Пес неохотно поднял с земли толстый зад и вразвалку двинулся по тропе, что исчезала в узкой темной арке и потом, выползая на свет, вела к клетям. С гораздо большим удовольствием он погонялся бы за мышкой, но — хозяин не терпел, когда его приказы не выполнялись тотчас, а ссориться с ним не решался даже его любимый друг.
— Р-р-р! — сказал Мухруз, подойдя к сетке.
Ворох соломы у стены зашевелился, вызвав негодование петухов, кои до того бродили бесцельно по своему царству. Загоготав, словно гуси, они подскочили к соломе и начали яростно клевать ее.
— Р-р! — с укором в голосе повторил пес. — Агр-р-р-р!
По всей видимости, петухи отлично поняли, о чем он предупреждал их, потому что вдруг отскочили в стороны и стали как ни в чем не бывало гулять дальше. Из растрепанного вороха-соломы медленно высунулась голова, потом показались плечи, руки, тело и, наконец, тонкие кривые ноги. Испуганно таращась на черного пса, в глазках которого при виде человека тут же появилось презрительное выражение, пленник петухов отряхнулся и на два шага приблизился к сетке.
Он был смугл, мал ростом и очень худ; тощая хитрая мордочка его с чертами весьма подвижными напоминала хорька, гибкие маленькие ручки и столь же гибкие пальцы словно были созданы для того, чтоб шарить по чужим кошелям и карманам. Звали его Ши Шелам по прозвищу Ловкач, и именно о нем прошлым вечером вели беседу Конан и Длинный Анто.
— Хей, Мухруз, какого Нергала твой хозяин запер меня тут? — сипло спросил он, изо всех сил пытаясь выглядеть высокомерным.
Мухруз легко раскусил его плохую игру и усмехнулся, то есть спустил губы набок. Он отлично видел, как боится его этот глупый человек, и наслаждался его страхом, в темном маленьком уме своем рассуждая, что люди — трусливые твари, равные разве что только мышам или кошкам, и их надобно уничтожать по одному, ибо весь окружающий мир принадлежит собакам, одним собакам, и никому более. Пожалуй, лишь Куршан имел право жить и есть мясо, и то потому, что тоже был собакой. Так считал Мухруз.

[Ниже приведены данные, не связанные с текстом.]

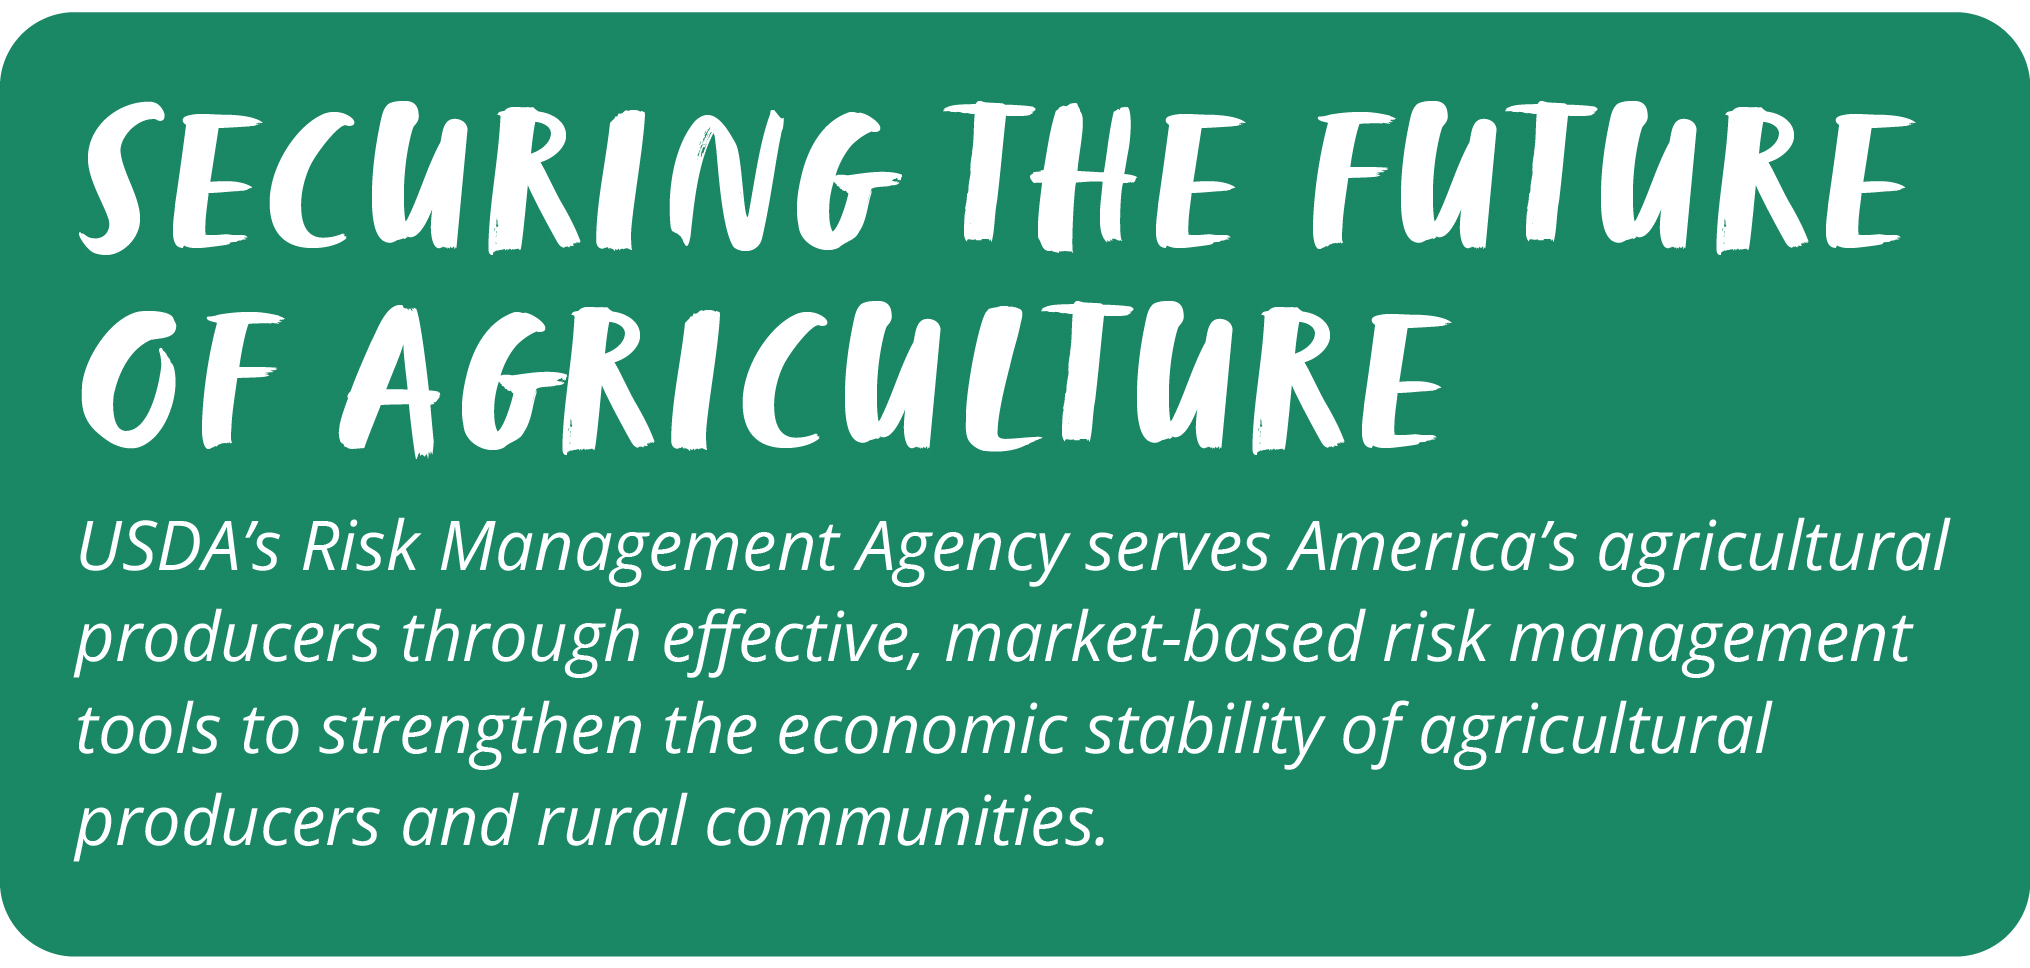 Securing the Future of Agriculture - USDA's Risk Management Agency serves America's agricultural producers through effective, market-based risk management tools to strengthen the economic stability of agricultural producers and rural communities.
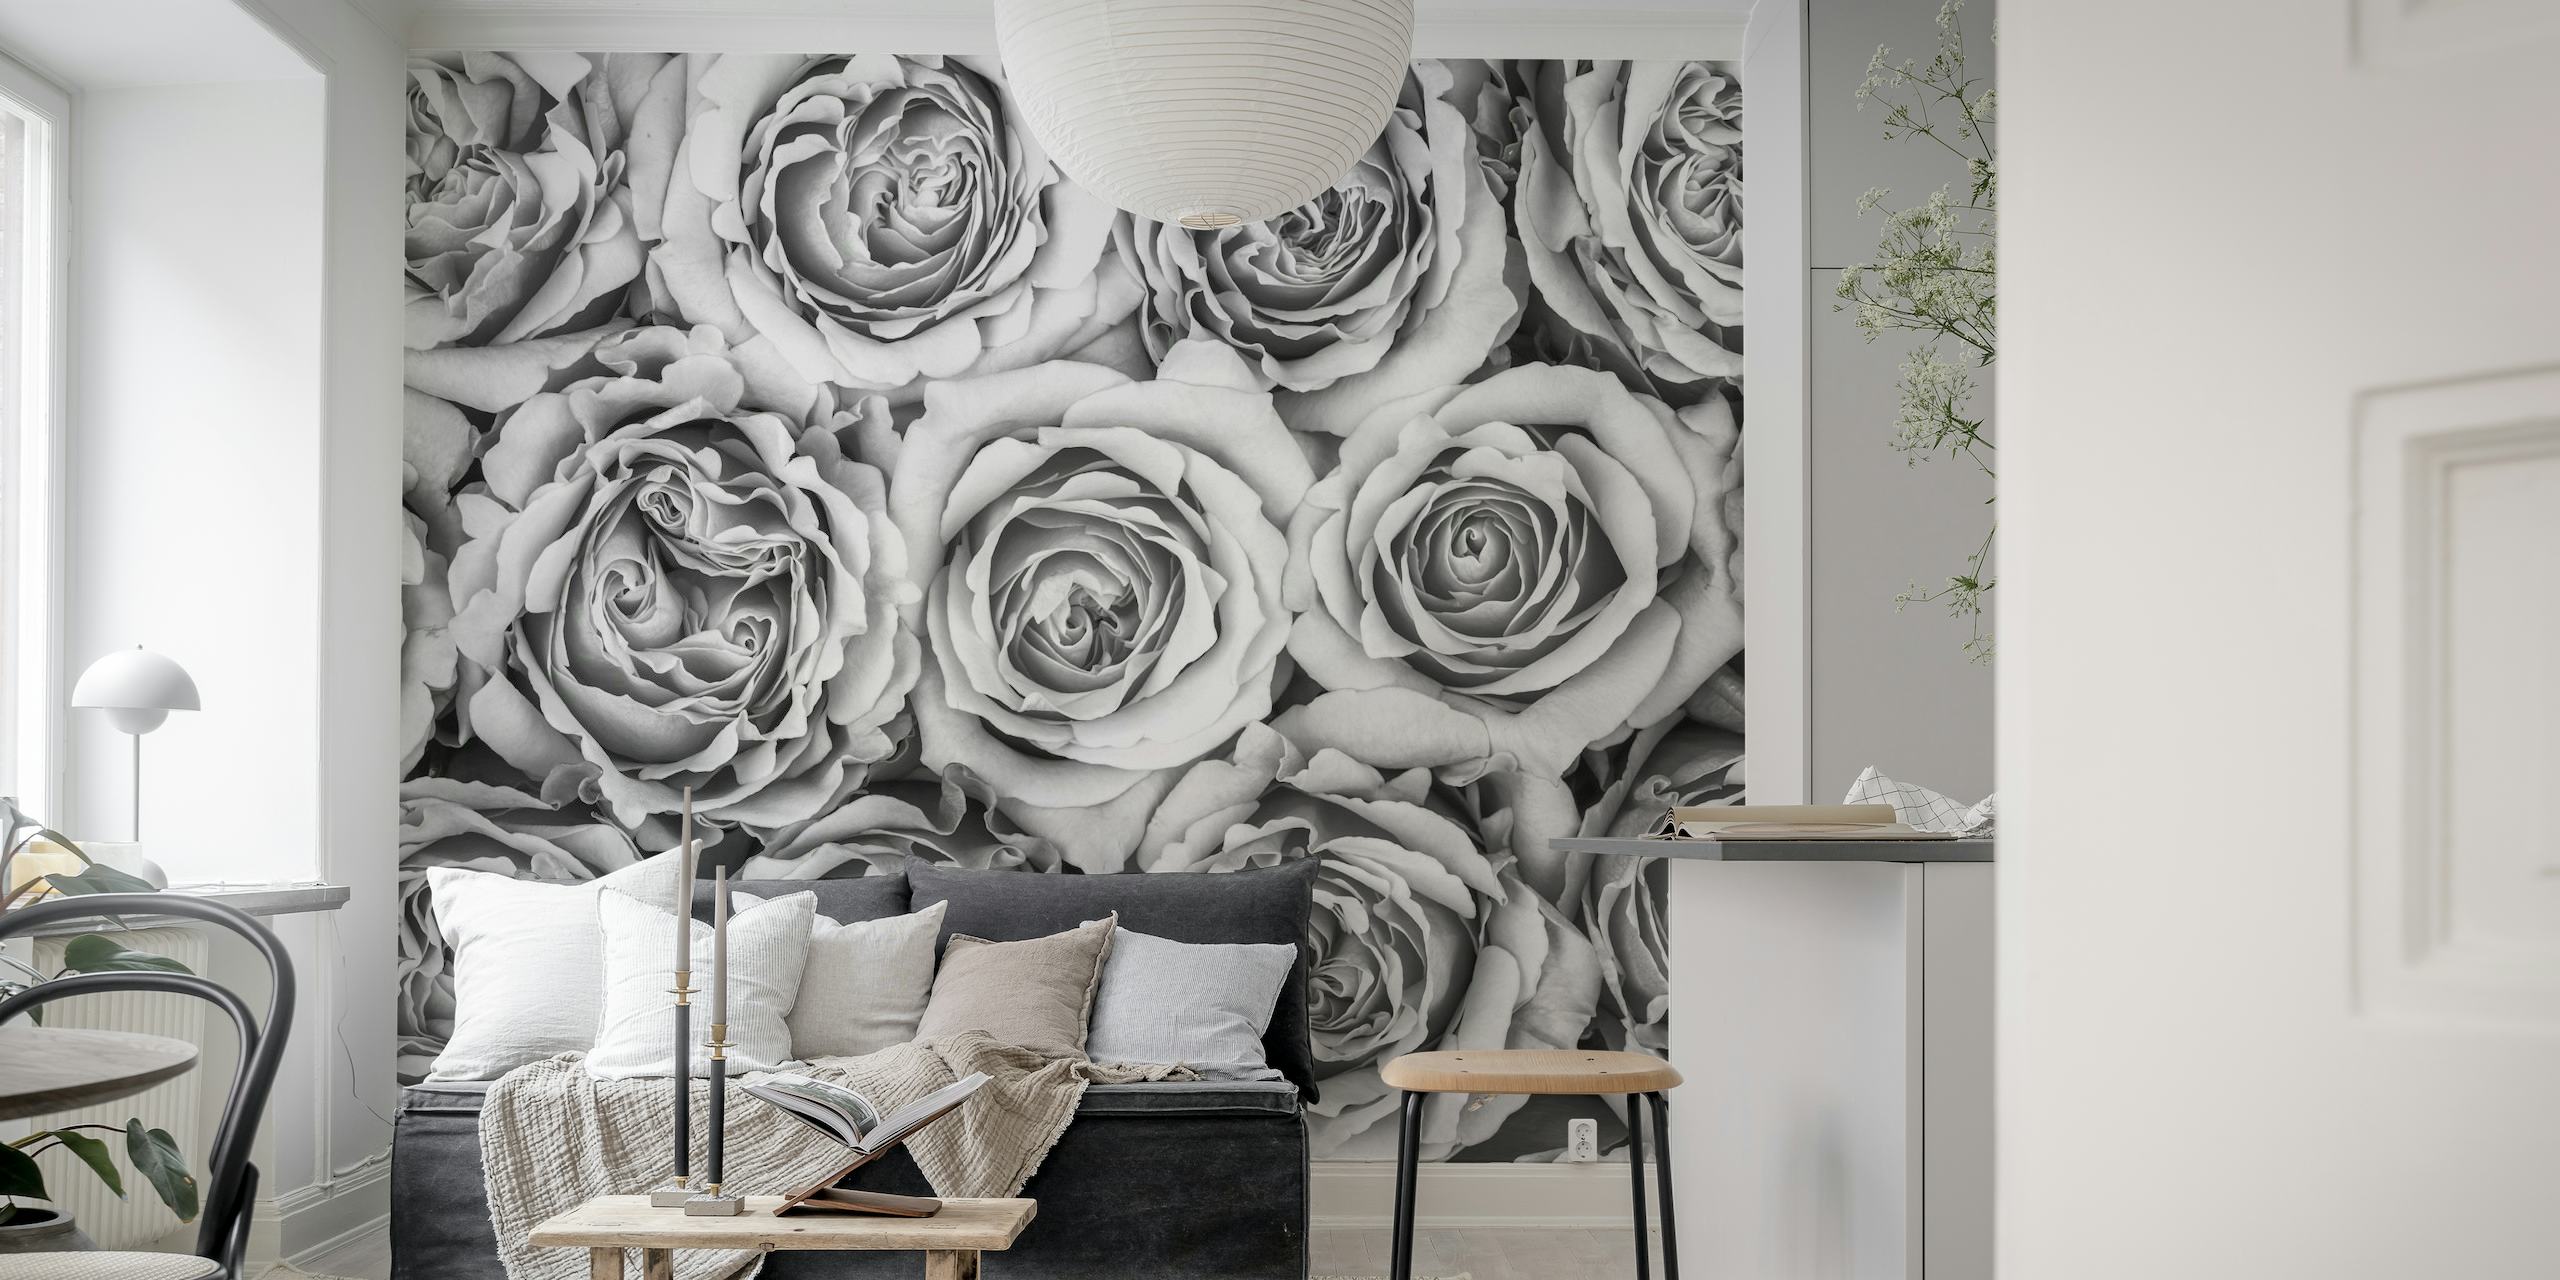 Background of roses behang

— Хр-р, — насмешливо ответил пес Ши Шеламу, повернулся и не спеша пошел прочь, вовсе не обращая внимания на призывные вопли пленника.
Хозяина он застал на прежнем месте и за привычным занятием: уставив морду в зеркало, тот с увлечением разглядывал свой нос, поворачивая его пальцем то так, то этак.
— Ур-р-р… — вежливо доложил Мухруз, снова пристраиваясь у его ног.
— Вот и прекрасно, — улыбнулся Куршан, не отрывая взора от зеркала, — Надо бы еще раз послать гонца к киммерийцу — что-то он не спешит выручать своего дружка.
Мухруз громко залаял.
Из дома тут же выбежал слуга, на ходу пристраивая к лицу умильную улыбку, подскочил к господину и согнулся в низком поклоне.
— Иди, любезный, скажи Дану, чтоб сбегал к Конану-варвару. Пусть напомнит ему, что нынче ночью Ши Шелам отбывает на Серые Равнины. Может, он захочет передать для него пару сотен золотых? Говорят, жизнь там дорога… Ха-ха-ха-ха!
Куршан снова завизжал, по-детски радуясь очередной своей тупой шутке, и Мухруз, занятый мыслью о коварной мышке, по привычке завизжал тоже. Красные глазки его при этом были устремлены задумчиво вдаль, так что визг его походил скорее на тоскливый собачий вой, чем на веселый хохот. Разбойник этого не заметил.
Слуга, натужно улыбаясь, ждал, когда друзья успокоятся. Наконец хозяин умолк.
— Что тебе еще? — сердито вылупившись на слугу, спросил он.
— Господин, я как раз спешил к тебе, чтоб сказать… Дан уже ходил к киммерийцу и… Вернулся без двух зубов.
— Хм… Какое мне дело до его зубов! Я хочу знать, что ему ответил мальчишка.
— Э-э-э… Дан не помнит.
— Как… Как это не помнит? — Куршан задохнулся от возмущения, но не забыл при этом посмотреться в зеркало. Алые пятна на своих жирных щеках он принял за легкий румянец, чем остался очень доволен. — Да я ему голову велю снести!
— Киммериец ударил его кулаком по лбу, господин, и несчастный Дан забыл даже свое имя! — горестно сводя брови, сказал слуга. — Сейчас он сидит в сарае и печально о чем-то поет. Я поднес ему кувшин с пивом, а он укусил меня за палец и начал бегать кругами, да еще и на четвереньках…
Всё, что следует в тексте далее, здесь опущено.